El Kremlin ha estado intentando acabar con Alexei Navalny durante varios años, pero probablemente nunca haya habido un mejor momento para hacerlo que ahora.

El Kremlin ha estado intentando acabar con Alexei Navalny durante varios años, pero probablemente nunca haya habido un mejor momento para hacerlo que ahora.

Vladimir Putin ha sentado las bases en la sociedad doméstica.

Durante más de una década, ha apretado el cerco alrededor de su carismático oponente más joven, con la operación en su contra reflejando una represión más amplia en la sociedad rusa.

Alexei Navalny, fotografiado con su esposa Yulia, en el hospital Charité de Berlín en 2020 recuperándose de un envenenamiento.

Al principio, había suficiente vida en la oposición rusa para evitar la eliminación de Navalny.

En el verano de 2013, un tribunal ruso en una ciudad provincial lo encarceló en su primer caso penal, pero se vio obligado a liberarlo 24 horas después después de que miles de personas bloquearan las calles en el centro de Moscú. Incluso cuando el Kremlin estaba fortalecido por su popular anexión de Crimea en 2014, Putin no encarceló al molesto líder de protestas, estaba claro en ese momento que el Kremlin sufriría más daño con la medida de lo que valía.

Para el año 2020, esa racionalidad había cambiado.

La represión interna había crecido constantemente.
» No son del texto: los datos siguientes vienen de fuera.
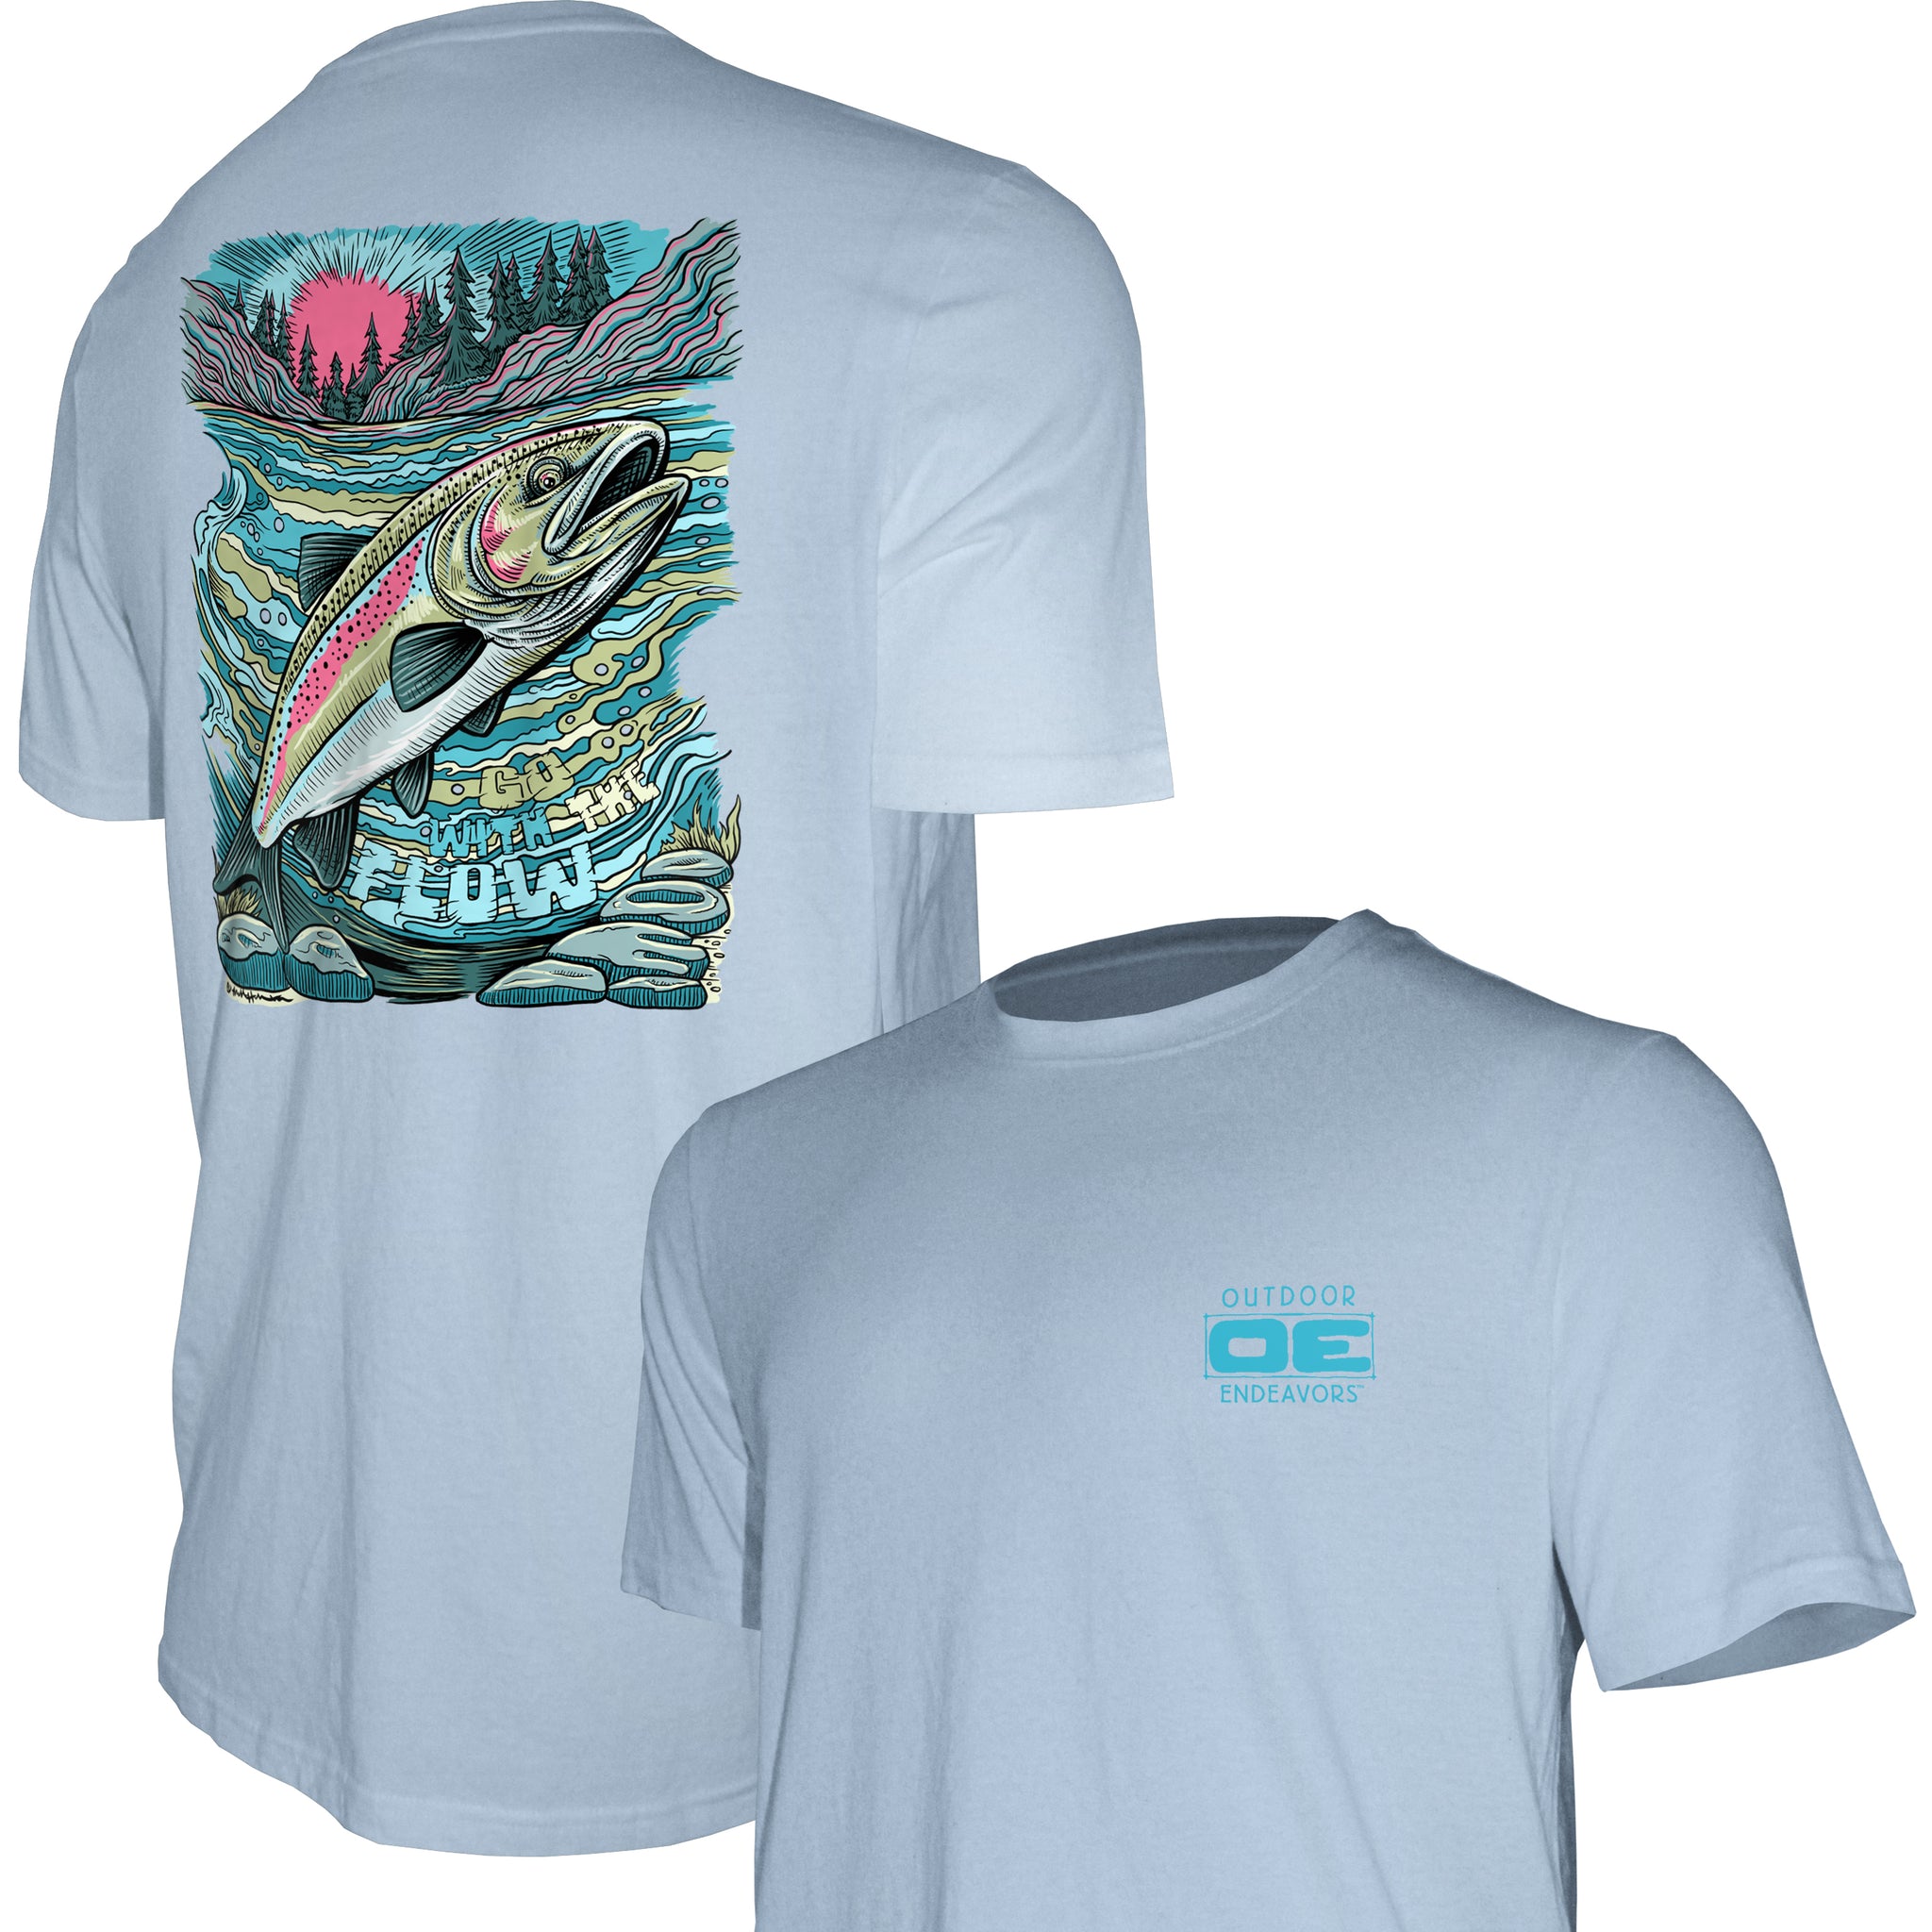 Outdoor Endeavors Out There- American Made Tee - The Flow

A medida que el público se alejaba cada vez más de la protesta directa, y de las largas condenas de prisión que resultaban de ella, los agentes del FSB envenenaron a Navalny.

Fracasaron en matarlo, y esperanzados en que todavía hubiera un latido de vida en el movimiento antiputiniano, él tomó la decisión de regresar a Moscú. Entonces, se aplicó la total presión del vicio del Kremlin.

Fue arrojado a la cárcel, con sentencias espurias acumulándose una tras otra.

Donde una vez había comandado a miles en las calles, solo los temerarios alzaban sus voces ante las draconianas nuevas leyes.

La mayoría de los aliados de Navalny huyeron al exilio o fueron encarcelados.